Developing meaningful security risk metrics and reporting – Boards and leadership teams require data and frameworks by which to understand the risk and thus the success (or otherwise) of the security programs the company is investing in. Allied with investing in educating your Board and leadership teams, developing meaningful, business-orientated security metrics is key to your success. Invest in technology, programs, people, and processes that enable you to regularly demonstrate (report) the success (or otherwise) in managing the threats and risks. This data should be presented in a clear, unambiguous, factual manner. Board security metric reporting is part of their collective education journey. Reporting is a skill. As is brevity!

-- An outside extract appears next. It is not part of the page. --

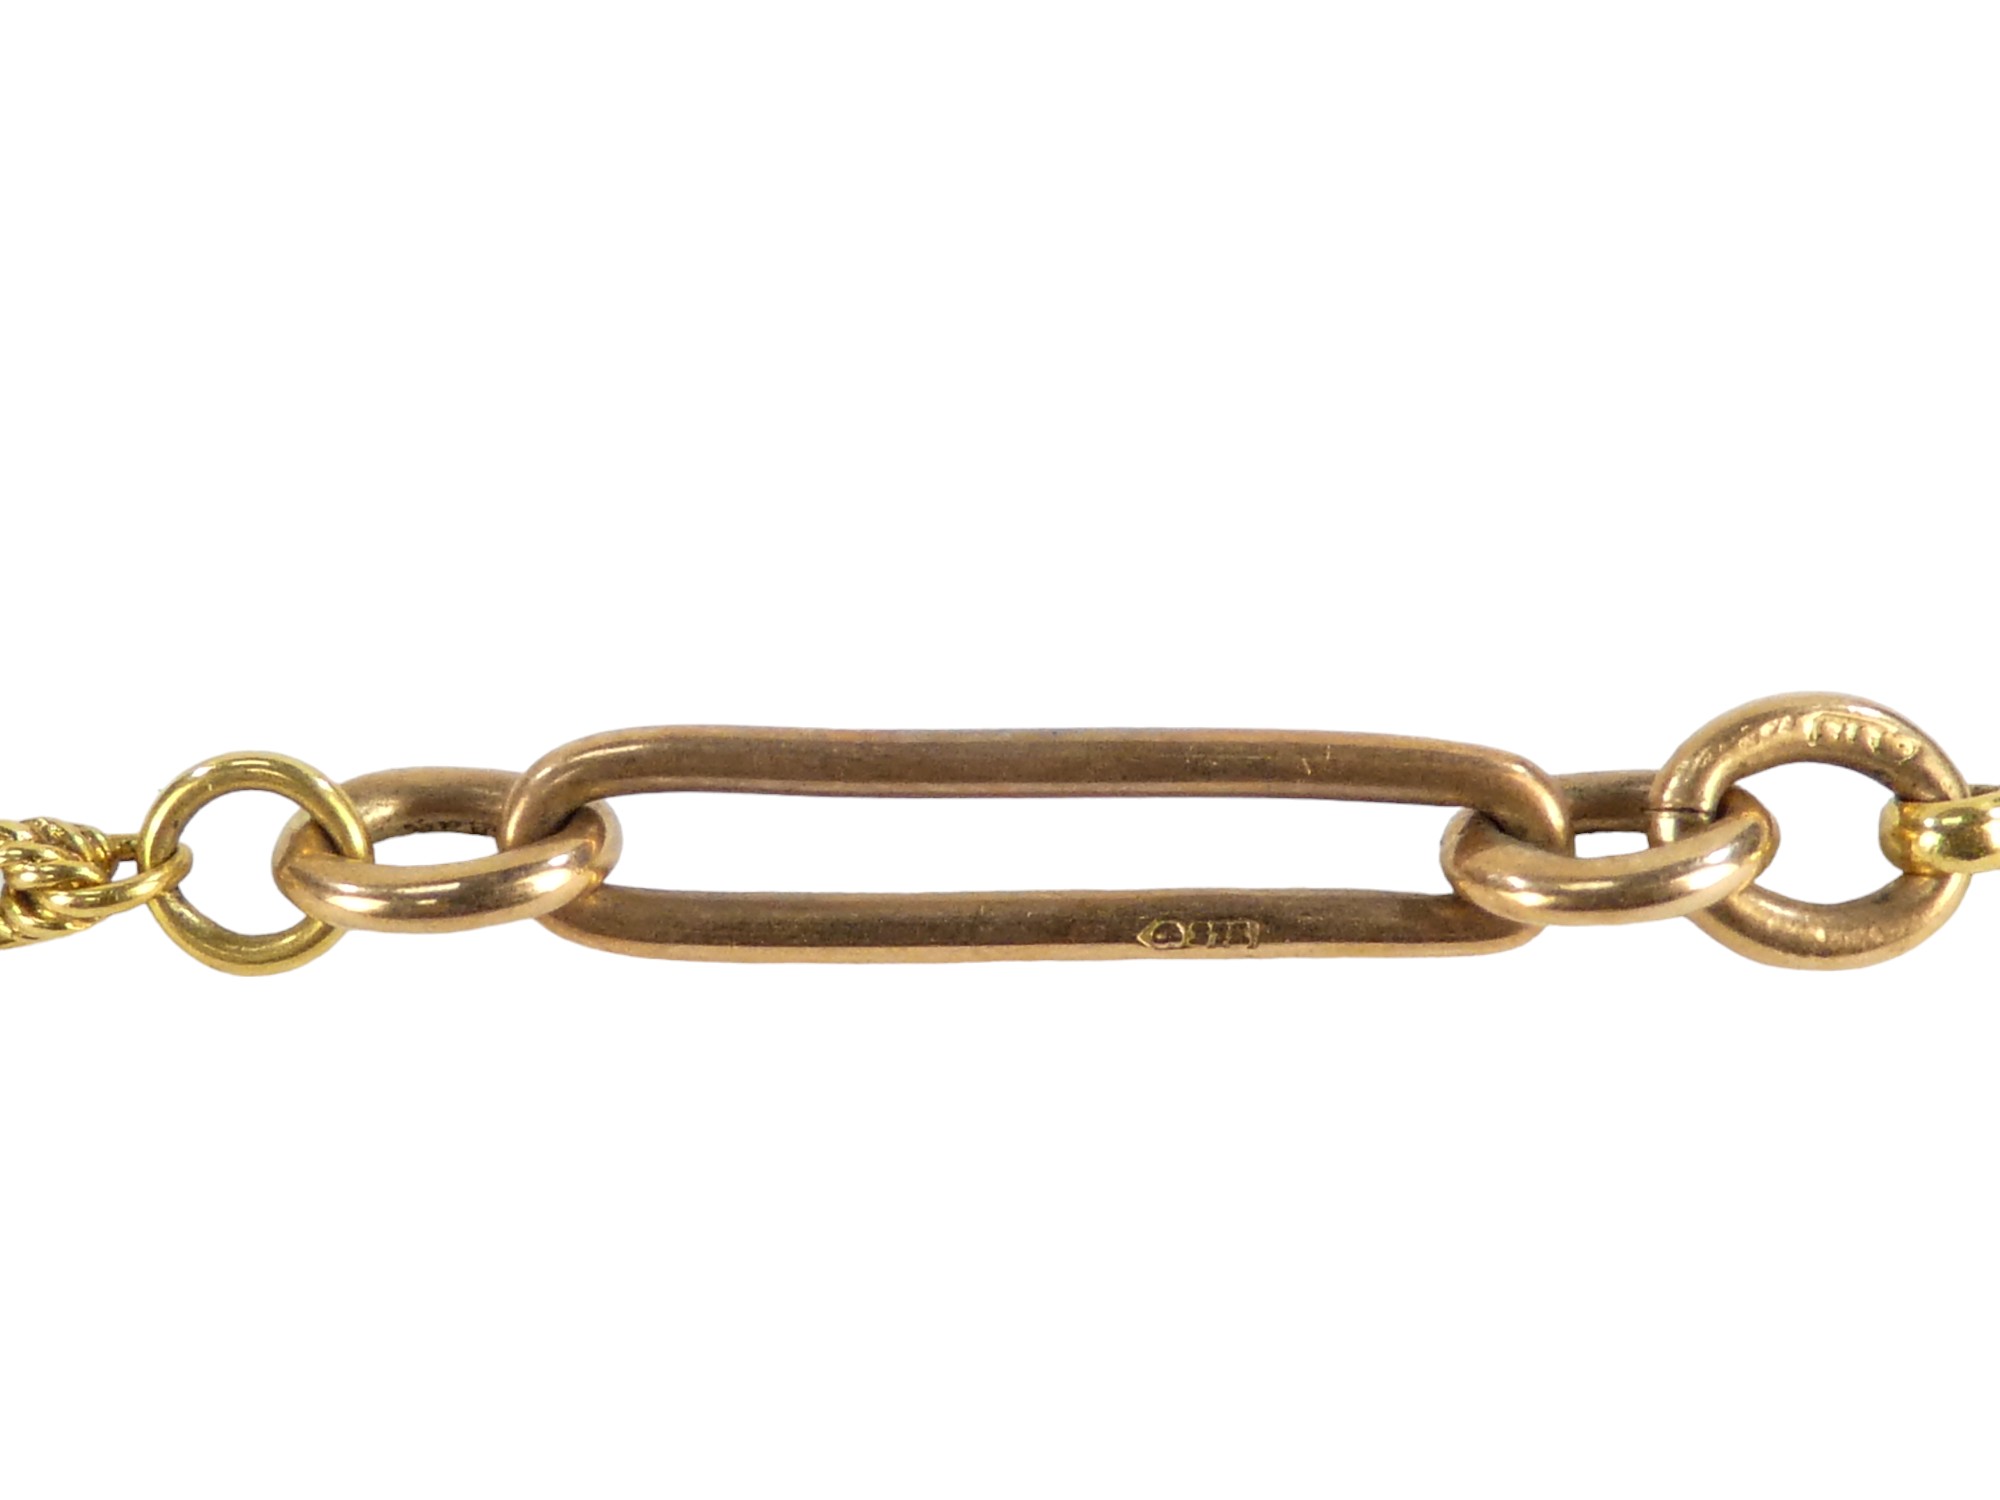 A 9ct gold swizzle stick - engine turned, on a gilt metal chain with 18ct gold clasps, weight 18g. - Image 5 of 5

Alignment of the Board Risk Register – I believe Boards need a holistic view of security risks within the organisation. In doing so, they need direct access to the CISO / CSO to understand how security risks are being managed (from top right to bottom left of the likelihood/impact model). As a security leader, now is the opportunity to develop your collaboration with the CIO, CRO, and other partners and present a unified view of converged security strategies to secure the digital transformation of the company. That converged operating model will take both the physical and virtual approach in securing people, assets, and the business resilience of the company. In doing so, the Board gets the complete picture and not just parts throughout the reporting period. If you have not already done so, ally yourself with others who have skin in the game in securing the company.
Undoubtedly, the business operating environment for many companies will be very different going forward. 2020 plans would have been ripped up and 2021 strategies turned on their heads.
However, among all this chaos there is opportunity. For the CISO / CSO, these opportunities are aplenty; business and operational resilience will be a major focus and, in turn, securing the digital transformation of the workplace will be a key part of that operational resilience narrative.
John F Kennedy popularised the inaccurate translation; ‘The Chinese use two brush strokes to write the word ‘crisis’. One brush stroke stands for danger; the other for opportunity. In a crisis, be aware of the danger but recognise the opportunity’.
This was picked up by marketing gurus who saw an opportunity to sell optimism that is now the thriving industry of crisis and reputation management. There is nothing wrong with that but a ‘flawed translation’ sometimes has us all scratching our heads looking for positives.
I believe as a security leader you have to find the positives in all this.
Your Board and leadership teams are vital in believing in the positives you’ve identified, in understanding the opportunity you see in this crisis, and thus enabling your success. Have an engagement plan, understand the key elements for success in engaging Boards and your executive team, and then… execute.